Strip the pictures and reproduce the rest of the listing exactly.

*DATA PROVIDED:*
——————————

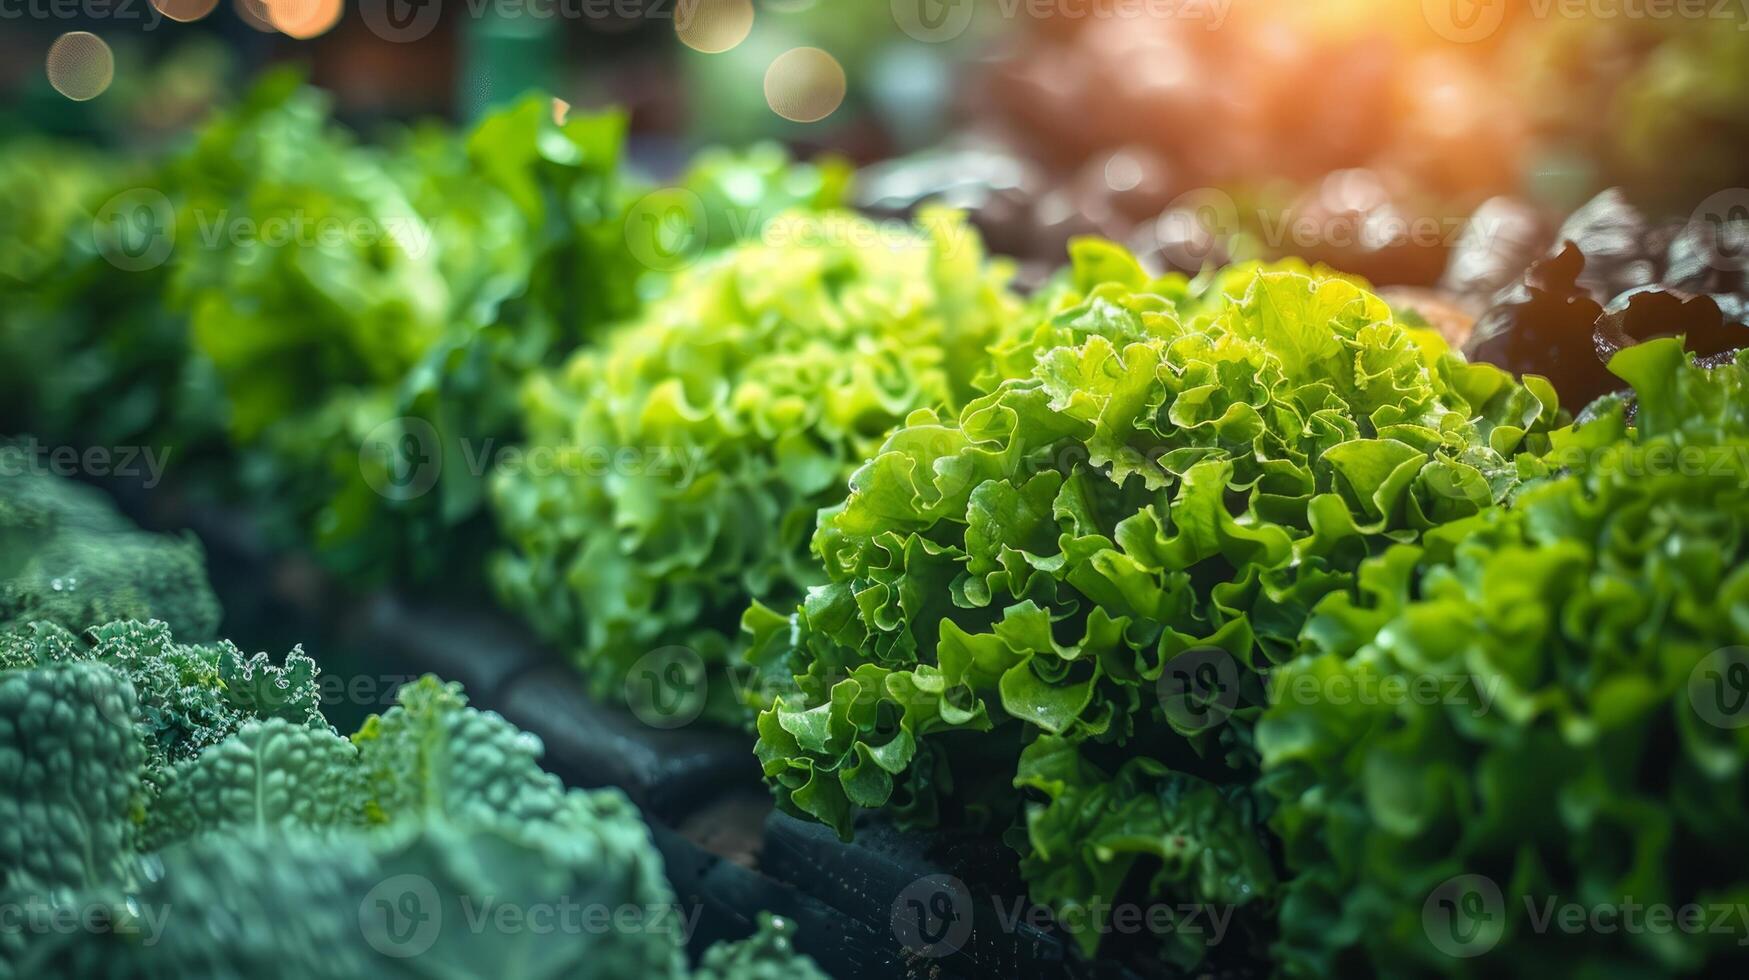 fresco verde alface folhas crescendo dentro vegetal jardim com natural luz solar. conceito do saudável orgânico agricultura, nutrição e sustentável agricultura foto
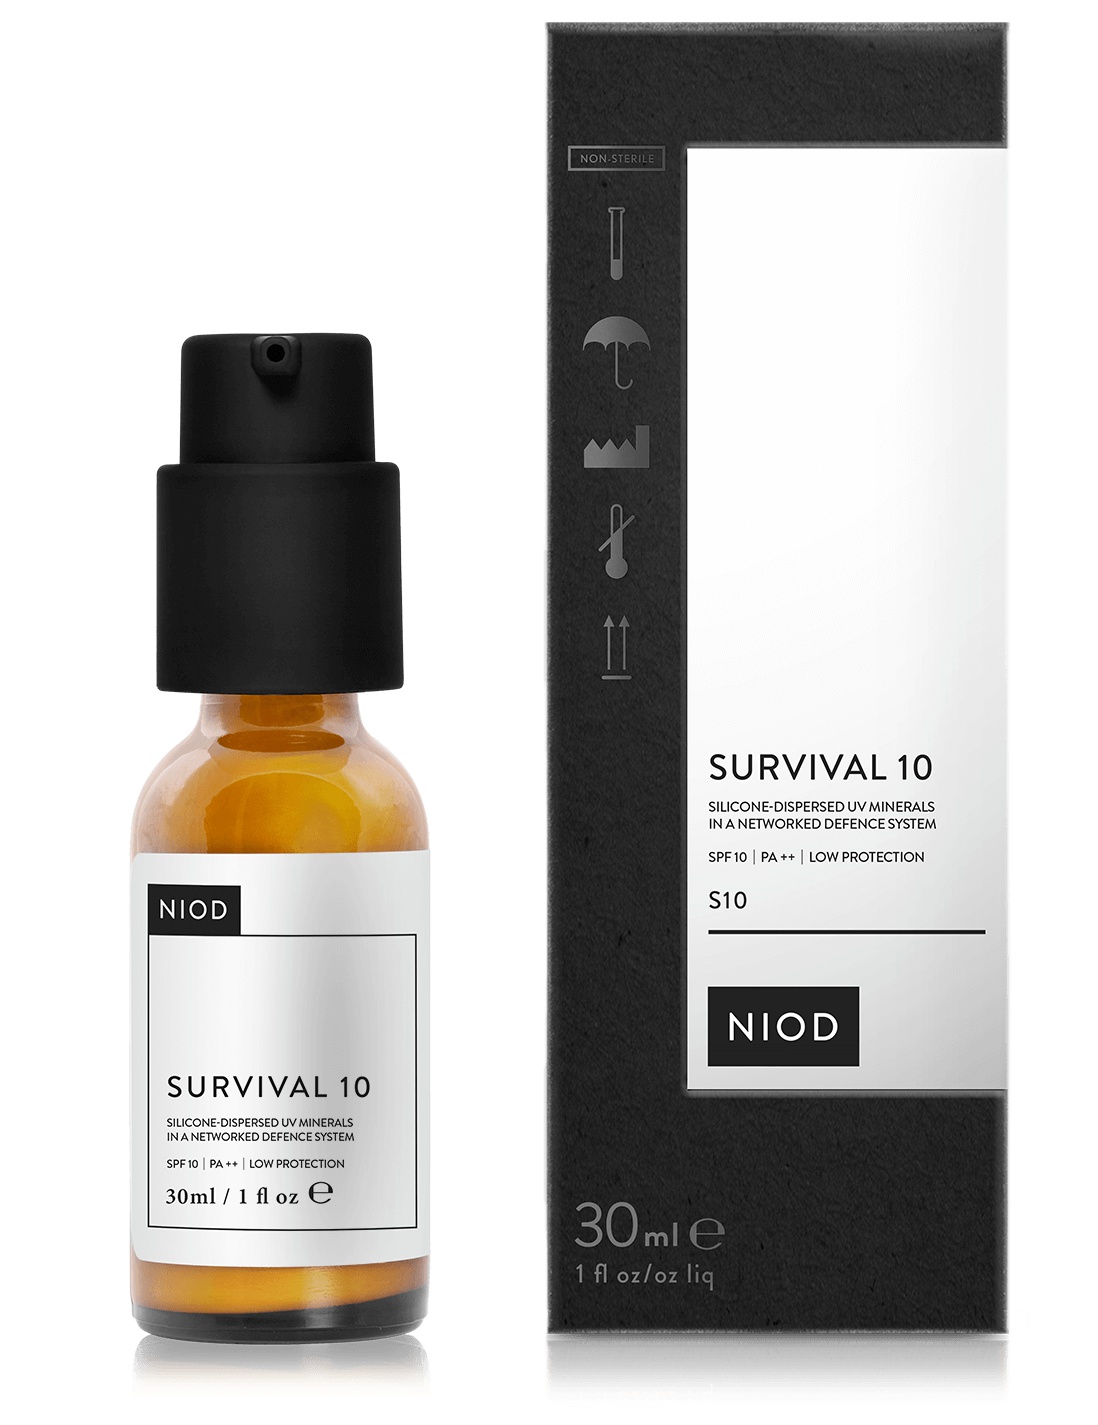 NIOD Survival 10
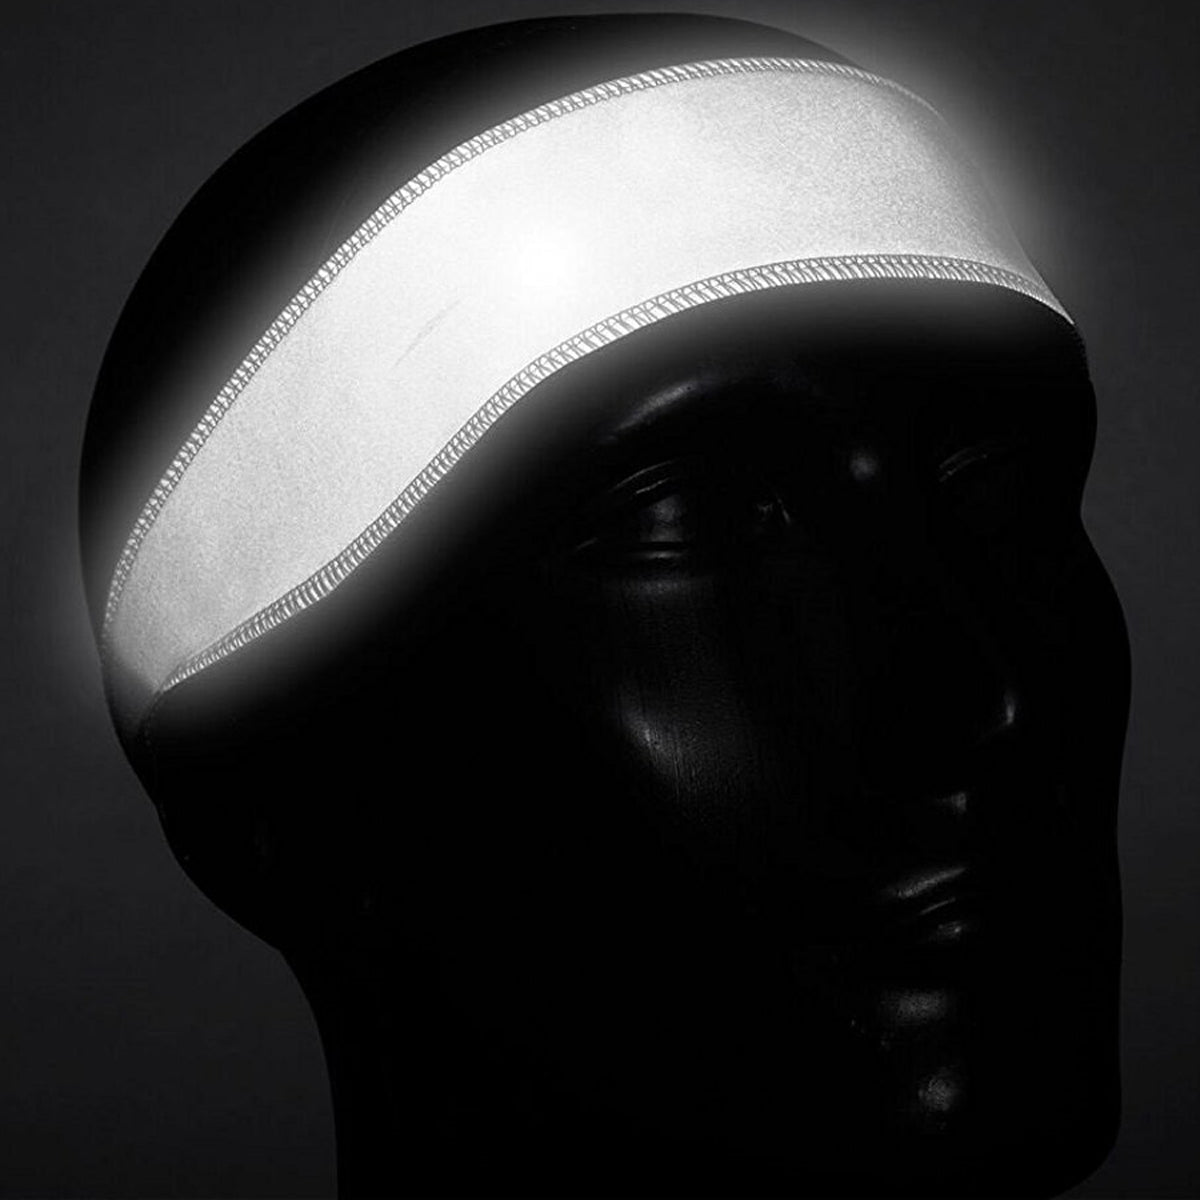 Halo Headband Illuminator V Adjustable Headband - Reflective Silver Halo

——————————

*RESULT OF THIS TASK:*
 fresco verde alface folhas crescendo dentro vegetal jardim com natural luz solar. conceito do saudável orgânico agricultura, nutrição e sustentável agricultura foto
 NIOD Survival 10
 Halo Headband Illuminator V Adjustable Headband - Reflective Silver Halo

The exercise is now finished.